During the past 20 years, researchers have identified thousands of cell protein interactions, with the ultimate goal of inventorying all that occur within cells of various organisms - a comprehensive catalogue known as the interactome.
Such information will be critical to understanding the basic mechanics of cellular life, and how malfunctions in these processes contribute to cancer.
Unfortunately, the data collected by different teams of researchers has been somewhat inconsistent. One group's "map" of protein interactions in yeast cells, for example, may only partially overlap the map produced by another group. Because science depends on investigators' ability to reproduce and build on one another's work, such variability presents a considerable obstacle. The value of interactome maps -- and the potential of further research -- will be at issue as long as the accuracy and thoroughness of the underlying data is uncertain.
To recapture momentum, the field needs to be clear about the strengths and weaknesses of different methods of tracking protein interactions, researchers say, and reach a consensus on questions such as, How reliable is the data produced by different techniques?

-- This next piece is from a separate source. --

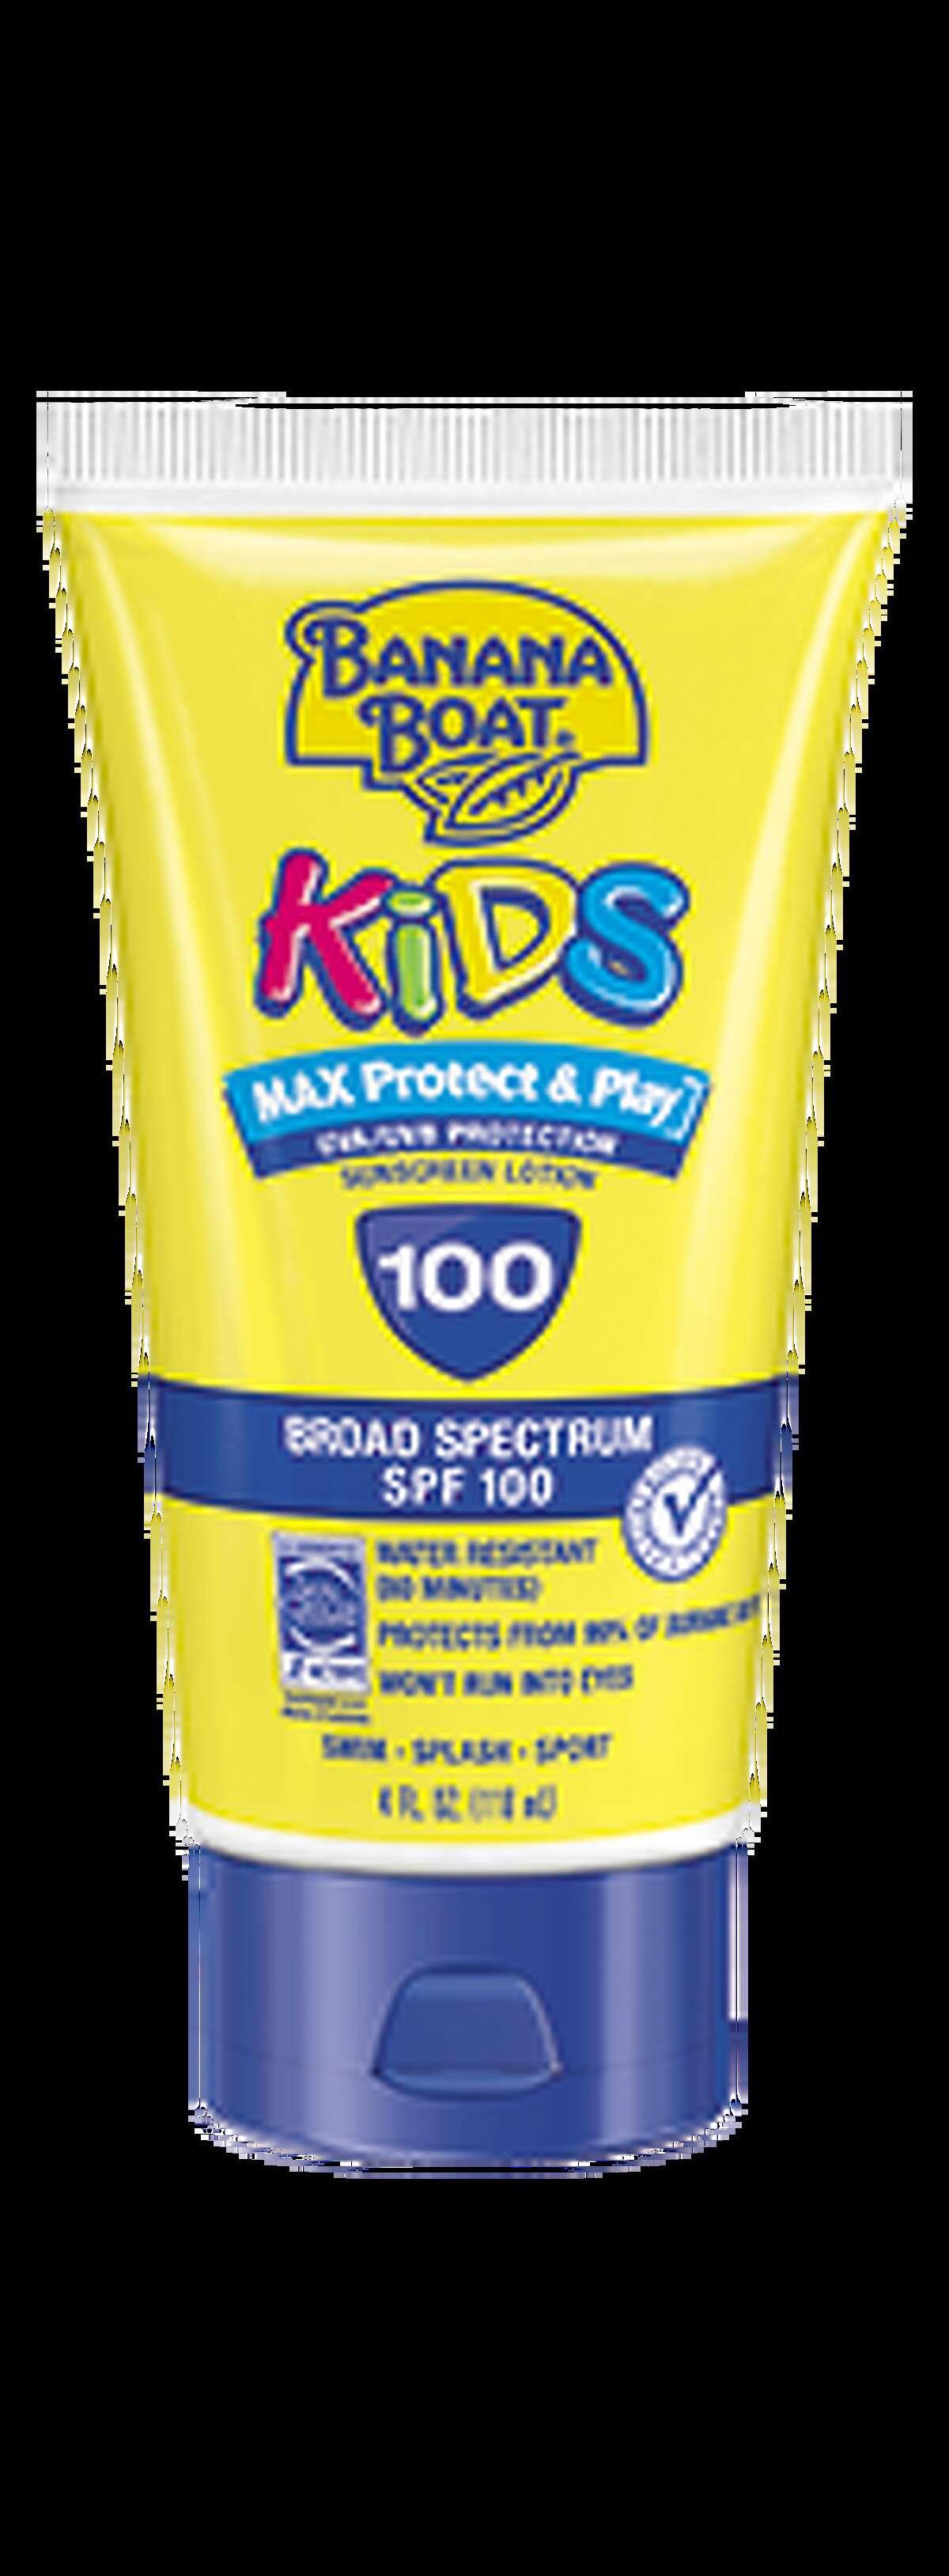 Banana Boat Kids Sunscreen Lotion, SPF 100Source: Banana Boat
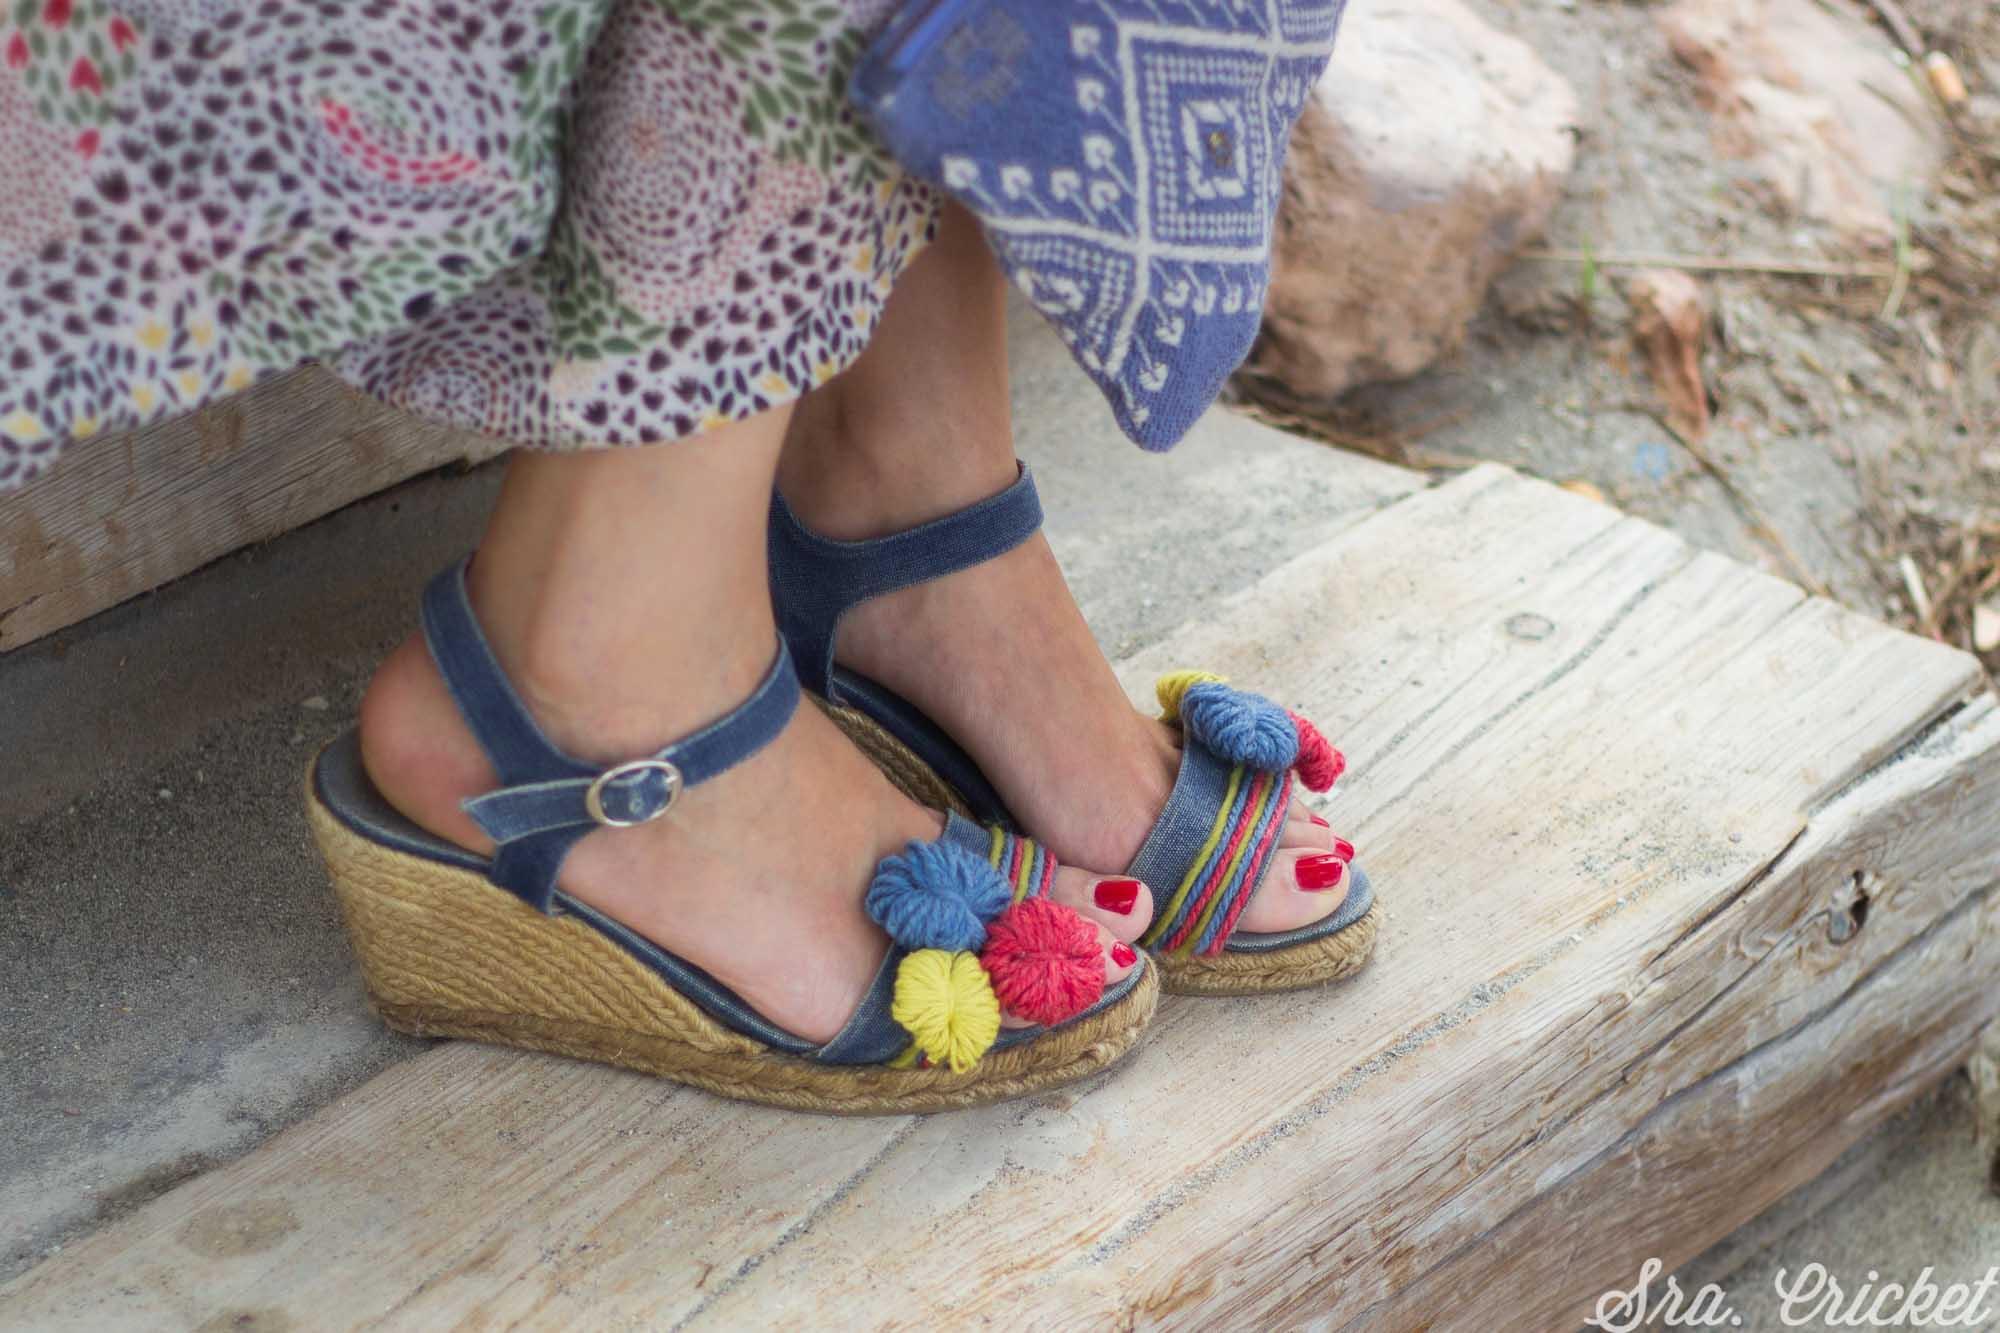 viejas sandalias de esparto personalizadas

What portion of the interactome of different organisms has been mapped so far? Why do existing experimental techniques fail to detect certain interactions? What can be done to improve the quality of data collected?
In a series of four papers published in the January issue of the journal Nature Methods , investigators in Dana-Farber Cancer Institute's Center for Cancer Systems Biology (CCSB) start to answer those questions by examining the accuracy and thoroughness of current interactome maps and the techniques by which they are compiled. The studies -- in a special issue of the journal on the interactome -- provide a set of ground rules for future research and demonstrate the power of such research when backed by well-proven experimental techniques. The CCSB's director, Marc Vidal, PhD, is the senior author of the papers.
Framework for study
The first study, lead-authored by the CCSB's Kavitha Venkatesan, PhD, offers a framework for gauging the quality of current maps of the interactome in human cells. The maps draw on three sources of information about protein interactions: high throughput yeast two-hybrid (HT-Y2H) procedures, which use robotic equipment to screen thousands of proteins to see which bind to each other (the binding switches on a "reporter" gene that can be chemically detected); compilations of published studies on small numbers of protein interactions; and studies that predict interactions based on computational techniques. While each approach is useful, it isn't clear whether small-scale experiments provide better data than high volume screenings (as some studies have suggested), whether the interactions detected in experiments actually occur in living cells, and whether existing maps depict a small- or large-sized chunk of the entire interactome.
All experimental techniques generate some false positives -- in which interactions are "detected" that haven't really taken place -- and false negatives - in which interactions that have occurred fail to be found. To weed them out, the new framework examines experimental methods from the standpoint of precision, sensitivity, and completeness. "The framework approach takes as standards interactions reported in multiple studies of high quality, and then verifies those standards against results obtained by other techniques," says Venkatesan.
Using the framework, the Dana-Farber team found that each technique captures only 20-30 percent of all the interactions within cells. That led them to determine that the human interactome contains about 130,000 interactions, a small minority of which have been mapped so far.
The second study offers researchers a tool kit for determining whether a newly discovered interaction is indeed real, and not a false positive reading from a particular type of experiment. The kit is a set of four, high-capacity protein interaction tests that have been weighted in relation to a common set of benchmark data. When scientists identify two proteins as likely interactors, the pair can be tested in the tool kit to obtain a "confidence score" about whether they do, in fact, interact.
"This general approach will allow researchers to systematically and objectively assign confidence scores to all individual protein-protein interactions in cells," says lead author Pascal Braun, PhD. "Such a universally interpretable quality standard is critical for constructing accurate interactome maps."